TASK BRIEF.
From the first line to the last, retype everything below exactly, minus the pictures.

DATA BELOW.
▼

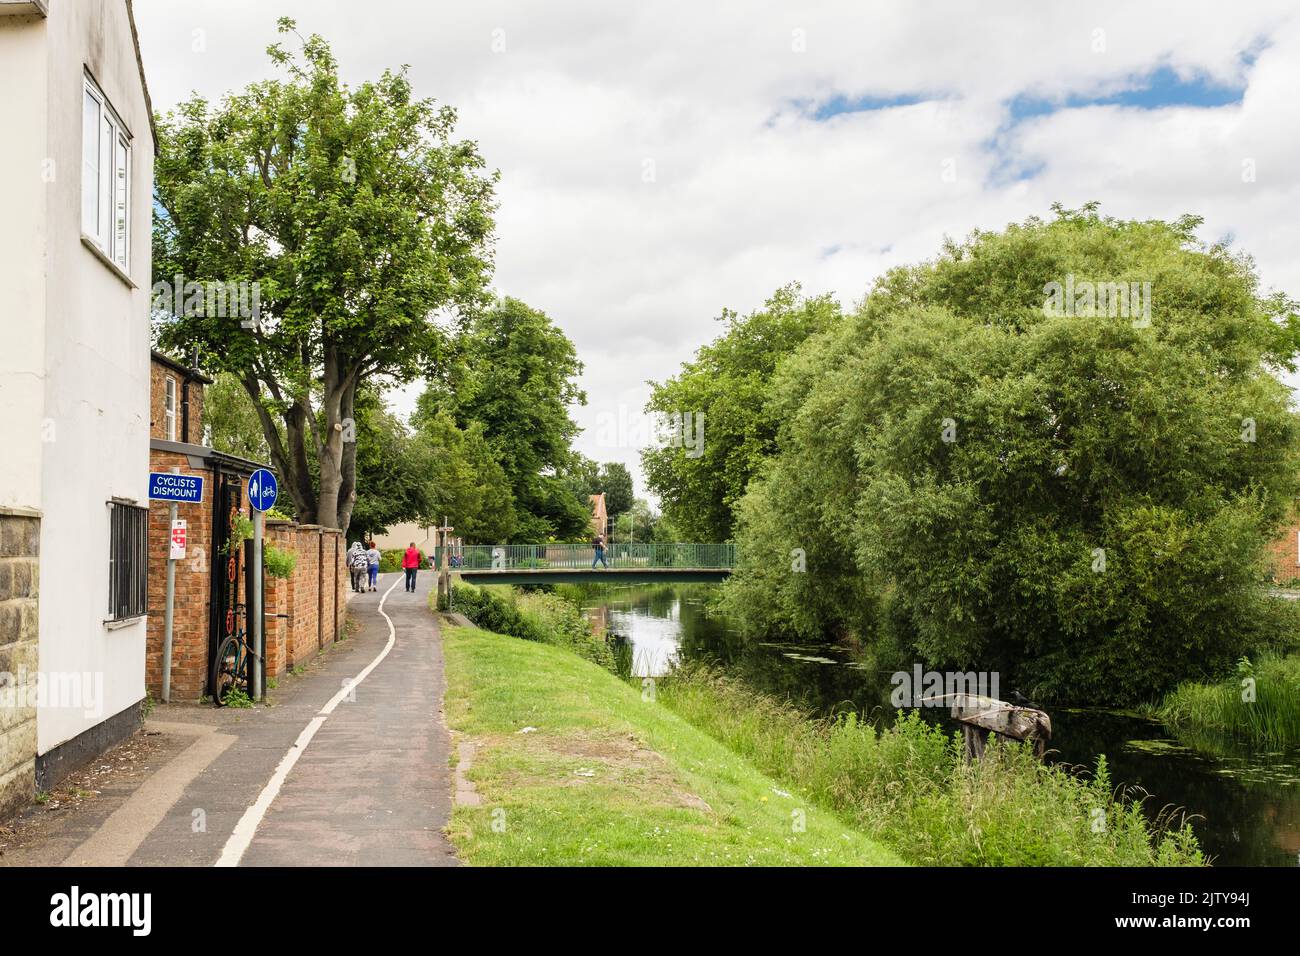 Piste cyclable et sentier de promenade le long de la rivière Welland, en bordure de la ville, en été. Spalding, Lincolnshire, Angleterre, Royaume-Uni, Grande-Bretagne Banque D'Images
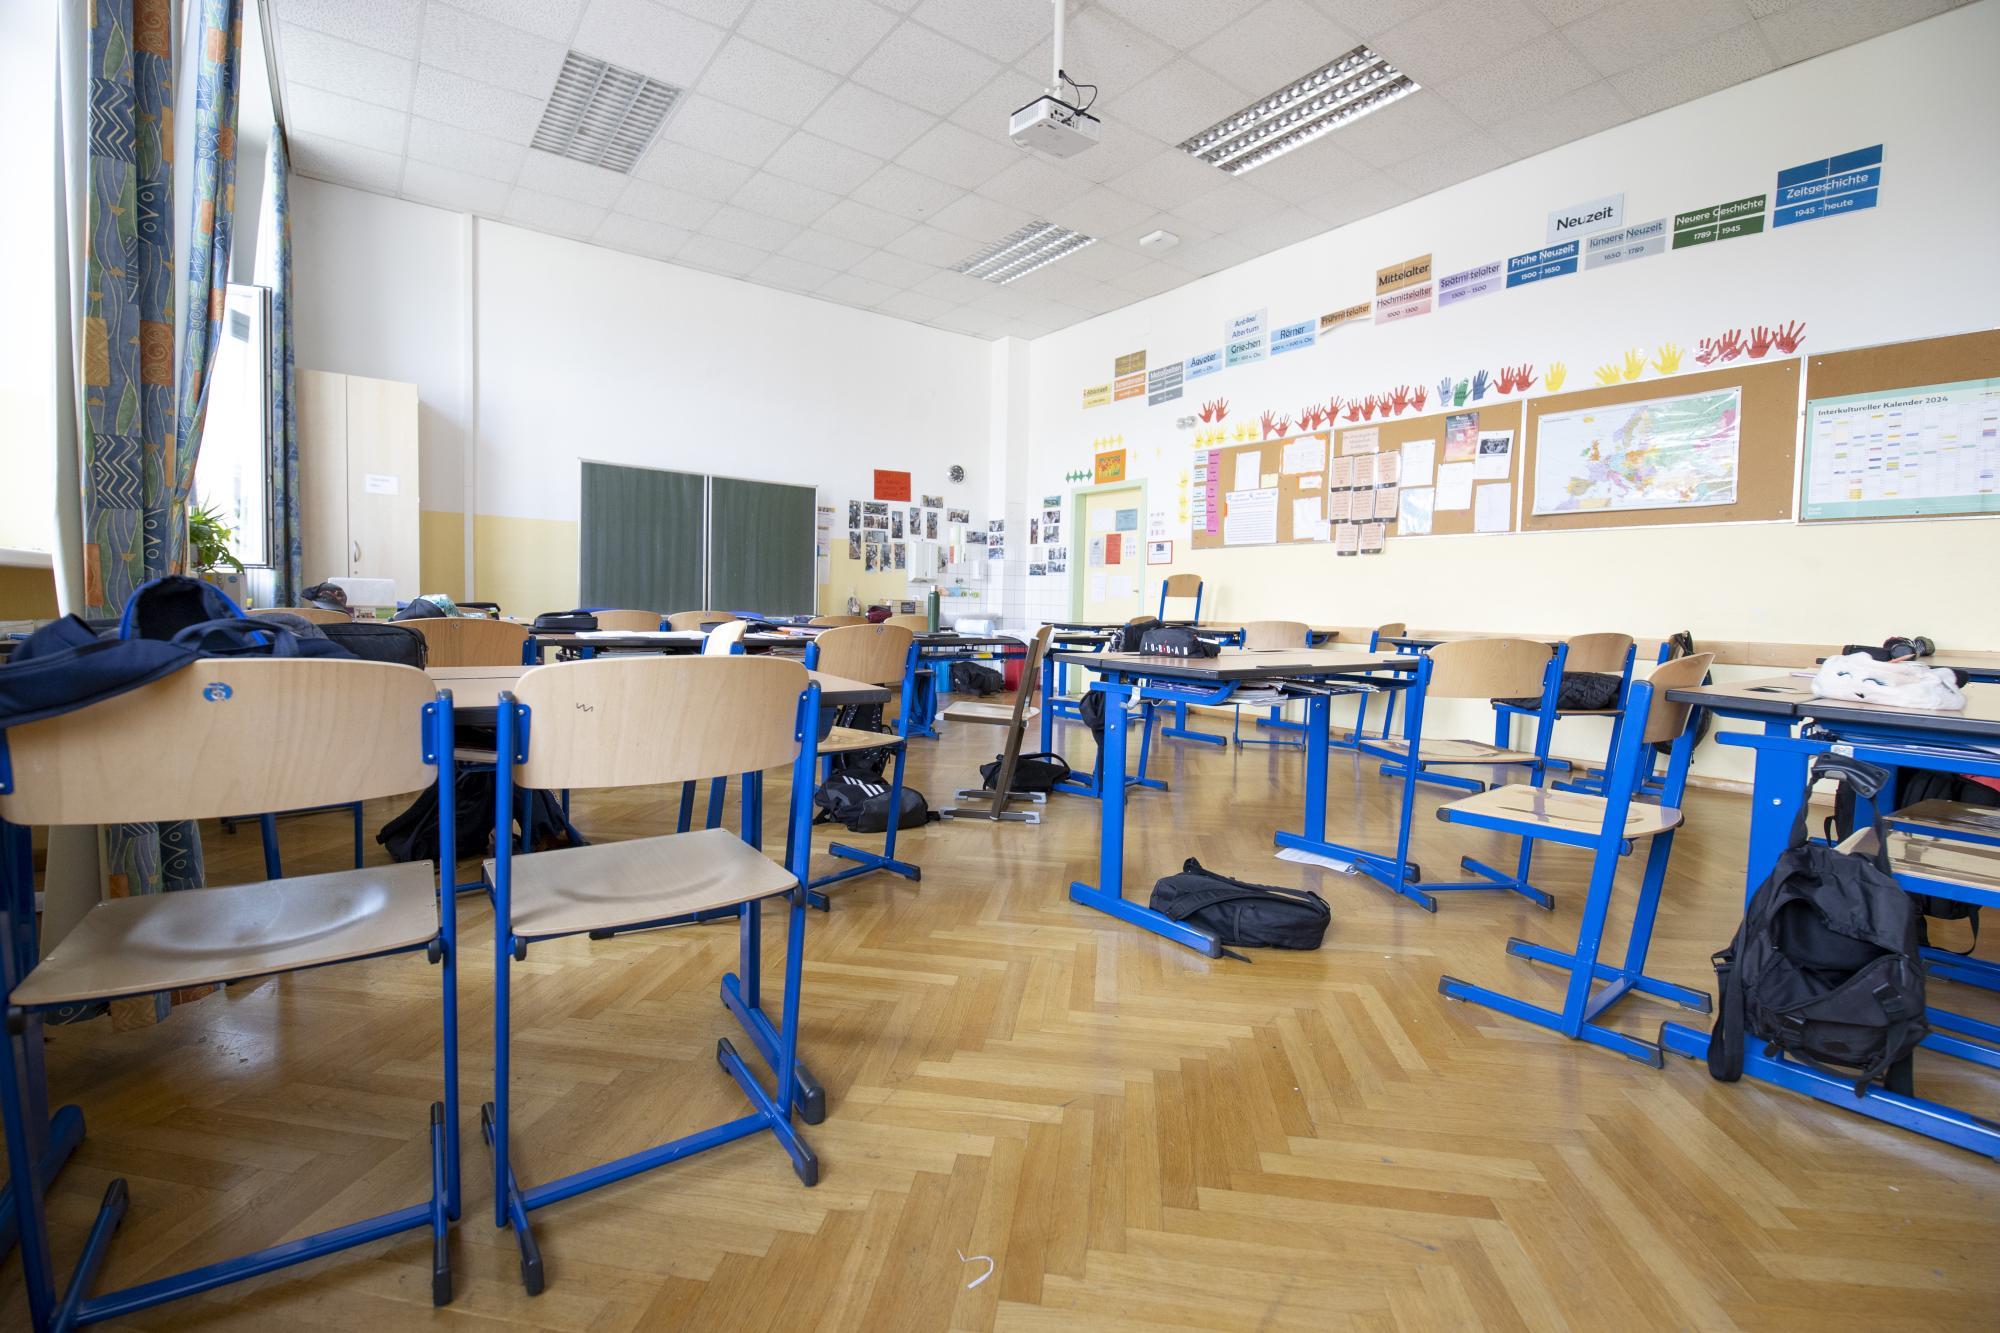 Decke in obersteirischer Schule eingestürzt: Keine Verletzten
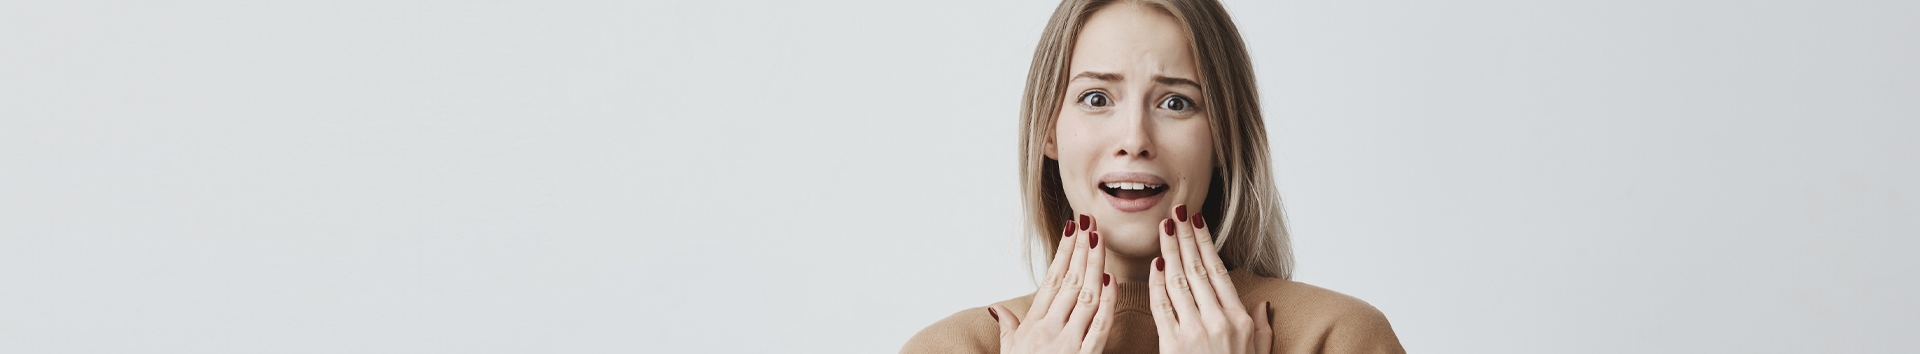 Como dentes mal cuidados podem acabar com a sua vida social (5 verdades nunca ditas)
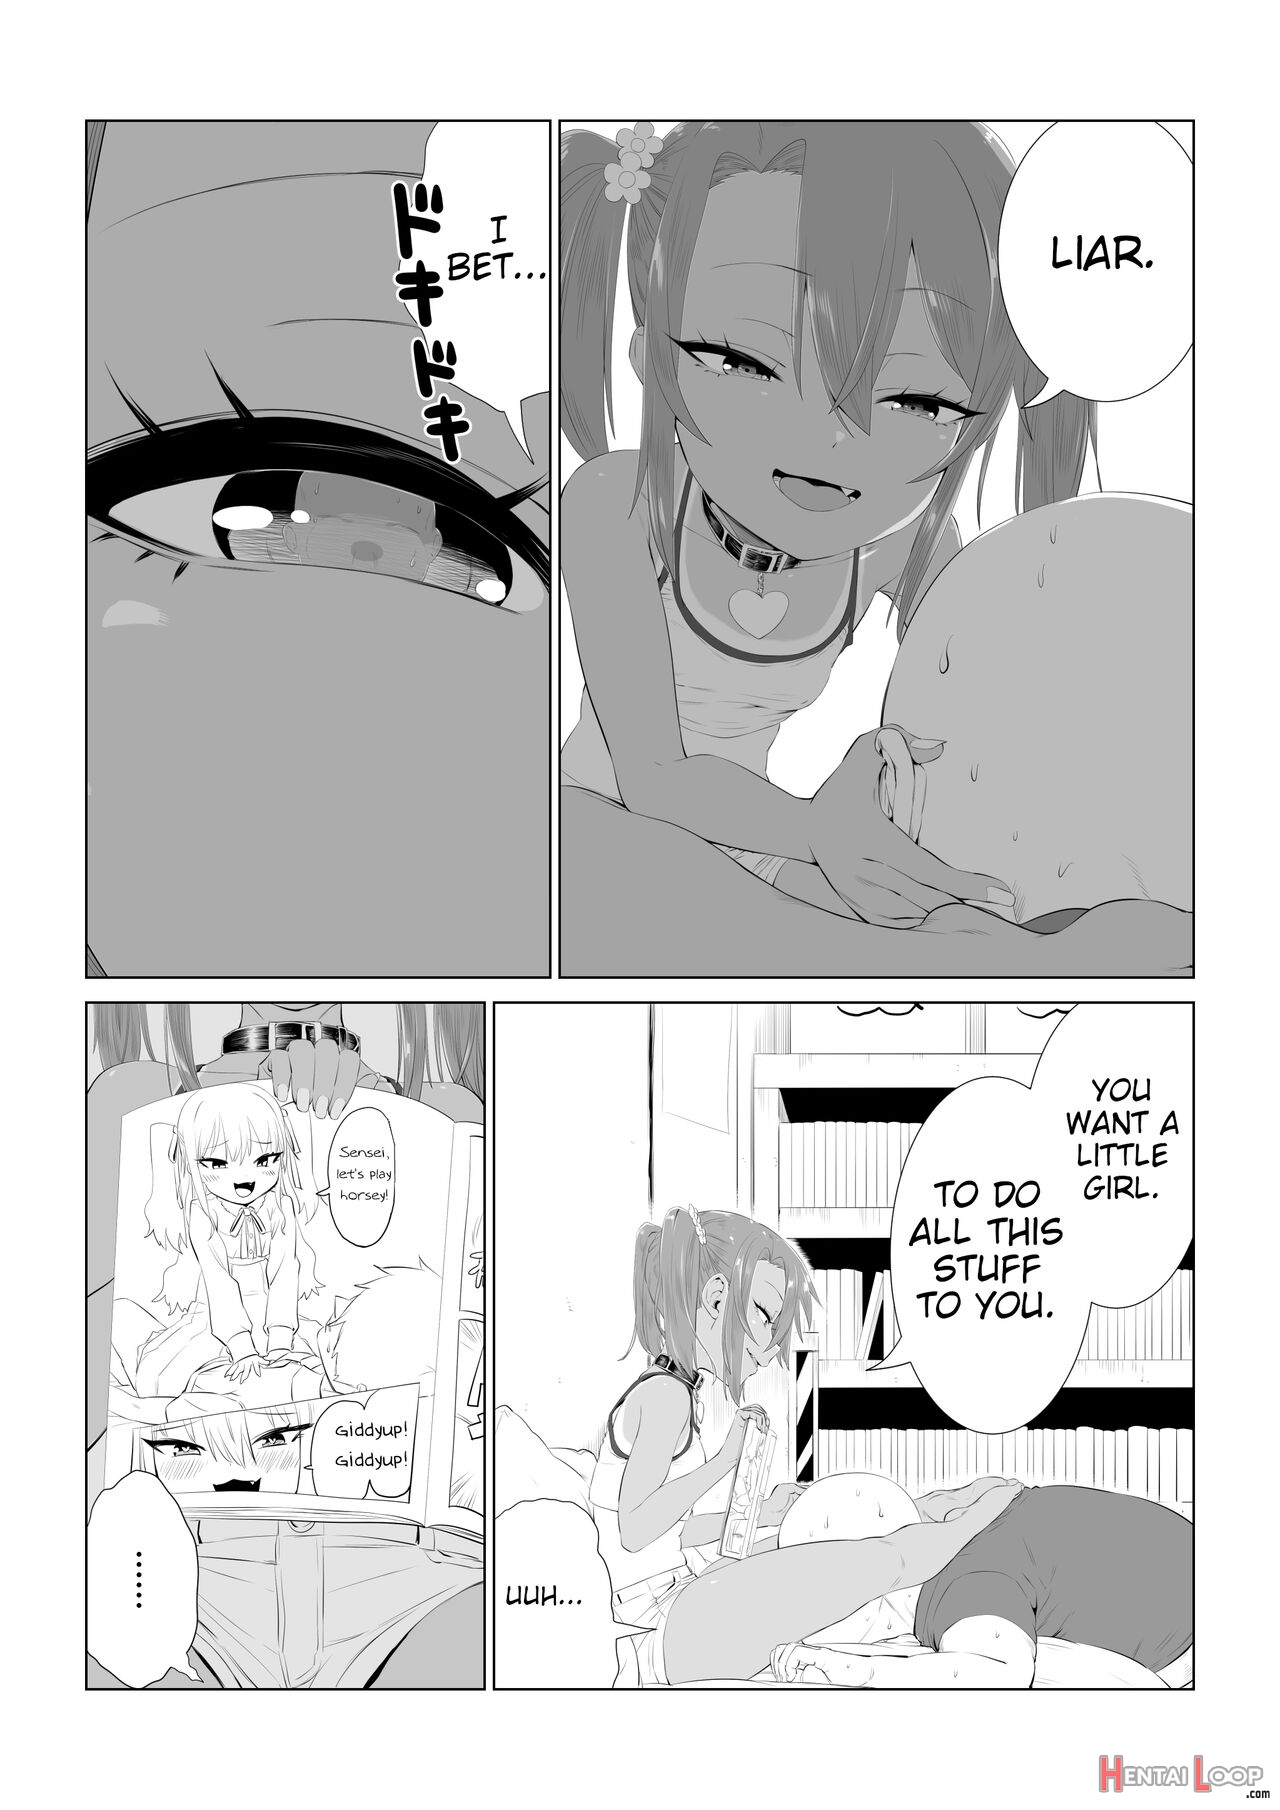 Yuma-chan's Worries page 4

▲

TASK OUTPUT.
 Piste cyclable et sentier de promenade le long de la rivière Welland, en bordure de la ville, en été. Spalding, Lincolnshire, Angleterre, Royaume-Uni, Grande-Bretagne Banque D'Images
 Decke in obersteirischer Schule eingestürzt: Keine Verletzten
 Como dentes mal cuidados podem acabar com a sua vida social (5 verdades nunca ditas)
 Yuma-chan's Worries page 4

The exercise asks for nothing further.